Add offline backup for foremanctl by sjha4 · Pull Request #507 · theforeman/foremanctl

sjha4 · 2026-05-13T15:23:17Z

Implements comprehensive offline backup functionality for Foreman deployments:

Backs up all databases (foreman, candlepin, pulp, 5 IOP DBs)
Backs up podman secrets, networks, volumes, quadlet files
Backs up systemd units and foremanctl state
Includes metadata with container image digests for restore compatibility
Preflight checks for running tasks and database integrity (amcheck)
Automatic service restoration on failure

Why are you introducing these changes? (Problem description, related links)

What are the changes introduced in this pull request?

Offline backup

How to test this pull request

I got a foremanctl box with normal deploy. On this box, clone foremanctl repo and checkout this branch.
cd /root/foremanctl
source .venv/bin/activate
export OBSAH_STATE=/var/lib/foremanctl

Then try ./foremanctl --help

Also,

(.venv) [root@ip-10-0-167-40 foremanctl]# ./foremanctl backup  --help
usage: foremanctl backup [-h] [-v] [--incremental] [--online] [--skip-pulp-content] [--tar-volume-size TAR_VOLUME_SIZE] [--wait-for-tasks]
                         backup_dir

Create offline backup of Foreman databases and configuration

positional arguments:
  backup_dir            Directory where backup files will be stored

optional arguments:
  -h, --help            show this help message and exit
  -v, --verbose         verbose output
  --incremental         Perform incremental backup (not yet implemented)
  --online              Perform online backup without stopping services (not yet implemented)
  --skip-pulp-content   Skip Pulp content directory backup (not yet implemented)
  --tar-volume-size TAR_VOLUME_SIZE
                        Split tar archives at specified size in MB (not yet implemented, for Pulp content only)
  --wait-for-tasks      Wait for running tasks to complete instead of failing immediately

The help section has placeholders for incremental, online and --tar-volume-size which will be implemented in follow up cards/PRs.

You can run :
Command:

cd /root/foremanctl
source .venv/bin/activate
export OBSAH_STATE=/var/lib/foremanctl
./foremanctl backup /var/tmp/foreman-backup-test --wait-for-tasks

I have a dummy restore script which can be used for testing and also getting steps to run manually when testing.:

Download the script

wget https://gist.githubusercontent.com/sjha4/35d98b318f15753a678a406fb0fb14ad/raw/test-restore-final.sh

Make it executable

chmod +x test-restore-final.sh

Run restore

./test-restore-final.sh /path/to/backup/foreman-backup-TIMESTAMP

Steps to reproduce:

On a foremanctl box, run foremanctl backup BACKUP_DIR

Checklist

Tests added/updated (if applicable)
Documentation updated (if applicable)

sjha4 · 2026-05-13T19:33:17Z

+    # Critical volumes to backup
+    critical_podman_volumes:
+      - iop-core-kafka-data
+      - iop-service-vmaas-data


I have not tested IOP backups outside of DB extensively with this. Will need some eyes here.

ianballou

I did an automated test run, take these with a grain of salt, but I wanted to post early in case they're real for extra time to test and fix.

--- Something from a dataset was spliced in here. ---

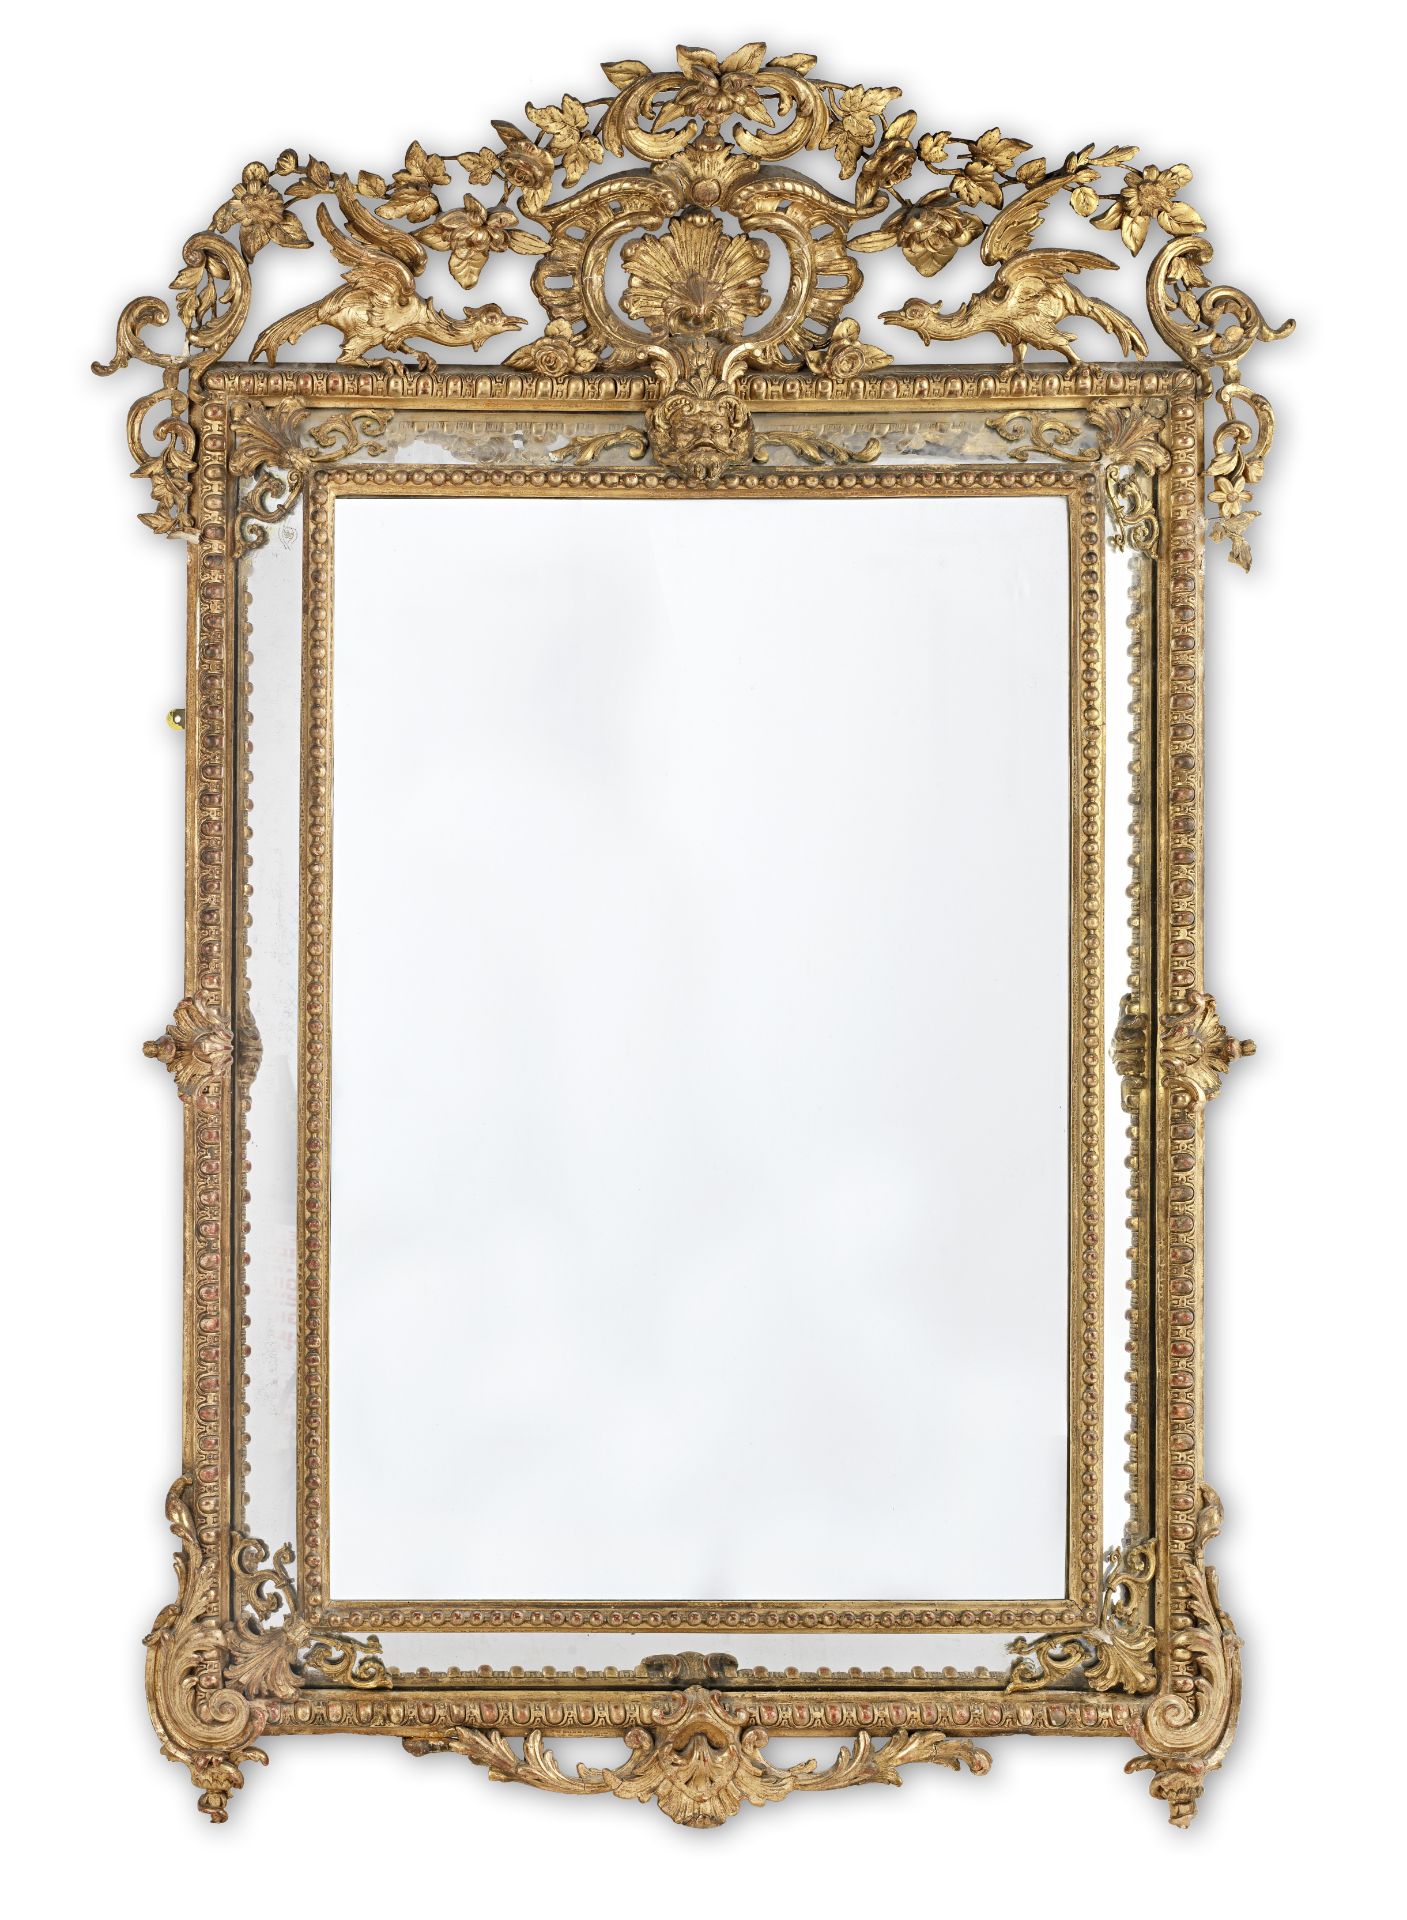 A French 19th century giltwood and gilt composition marginal mirror

Firstly, the DBs did get backed up, so awesome, but there were some hiccups that stopped the full process from running:

Bug #1: podman_network.yaml fails when no custom networks exist

File: src/playbooks/backup/tasks/podman_network.yaml
Severity: Blocker — prevents backup from completing
Description: The shell command podman network ls --format '{{.Name}}' | grep -v '^podman$' | while read net; do ... returns exit code 1 when there are no custom networks, because grep -v finds no matching lines.
Fix: Add || true after the grep, or use a different approach:

# Option A: tolerate empty result
  failed_when: networks_json.rc not in [0, 1]

# Option B: check first, skip if no custom networks

Bug #2: Wrong Foreman tasks API endpoint

File: src/playbooks/backup/tasks/preflight.yaml
Severity: High — preflight silently skips running task detection
Description: Uses https://{{ fqdn }}/api/v2/tasks?state=running which returns 404. The correct endpoint is https://{{ fqdn }}/foreman_tasks/api/tasks?state=running&search=state%3Drunning. Because failed_when: false is set, the error is silently ignored.
Impact: Backups will proceed even with running Foreman tasks, risking data inconsistency.

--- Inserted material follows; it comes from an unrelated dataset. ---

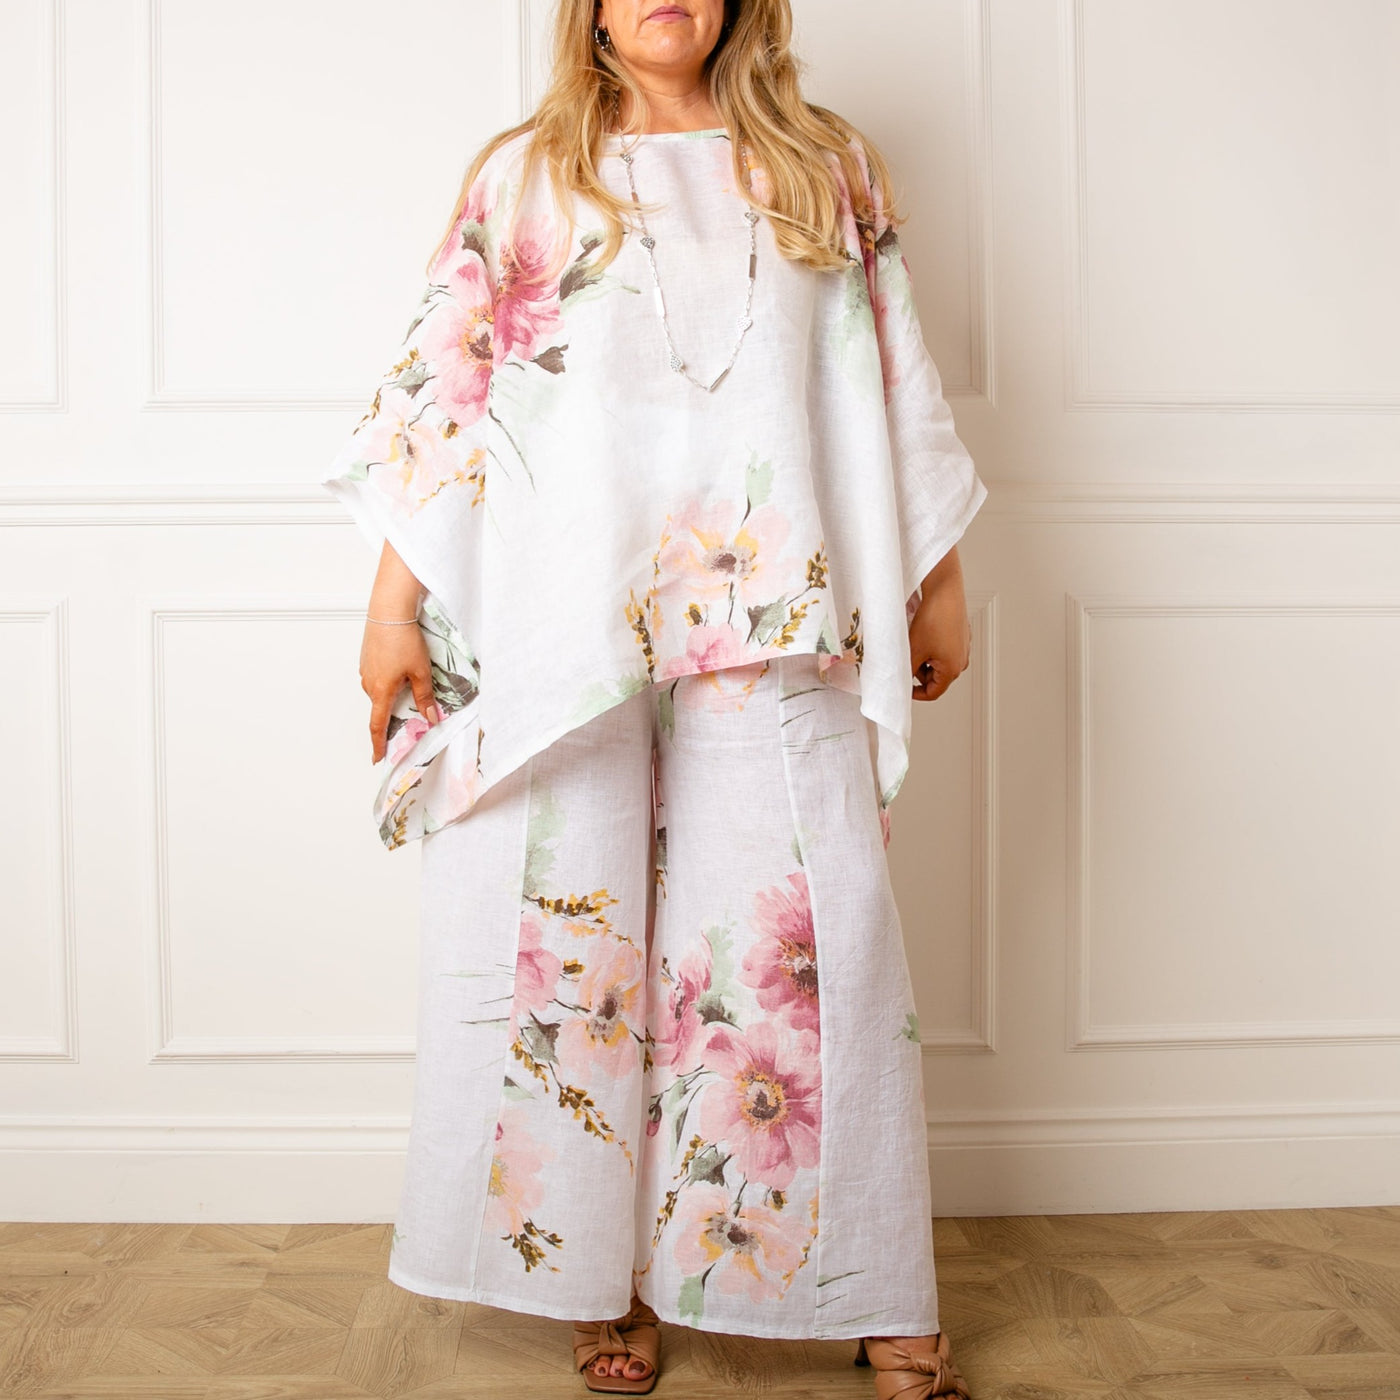 The white Bouquet Print Linen Top with a round neckline and a relaxed fit

Bug #3: `pg_isready` and `pg_dump` not available on host

... I cut the output here, I'm not sure why these commands weren't on my box. It's not related to this PR I don't think.

Bug #4: Hardcoded parameters.yaml path in metadata task

File: src/playbooks/backup/tasks/metadata.yaml
Severity: Low — affects metadata accuracy only
Description: ansible.builtin.slurp reads from /var/lib/foremanctl/parameters.yaml but foremanctl's state directory is configurable via OBSAH_STATE. In dev/vagrant setups, the actual path is different (e.g., /vagrant/.var/lib/foremanctl/parameters.yaml).
Impact: enabled_features: [] in metadata despite features being configured. Doesn't affect DB dump correctness.
Fix: Use the state_dir variable instead of hardcoding the path.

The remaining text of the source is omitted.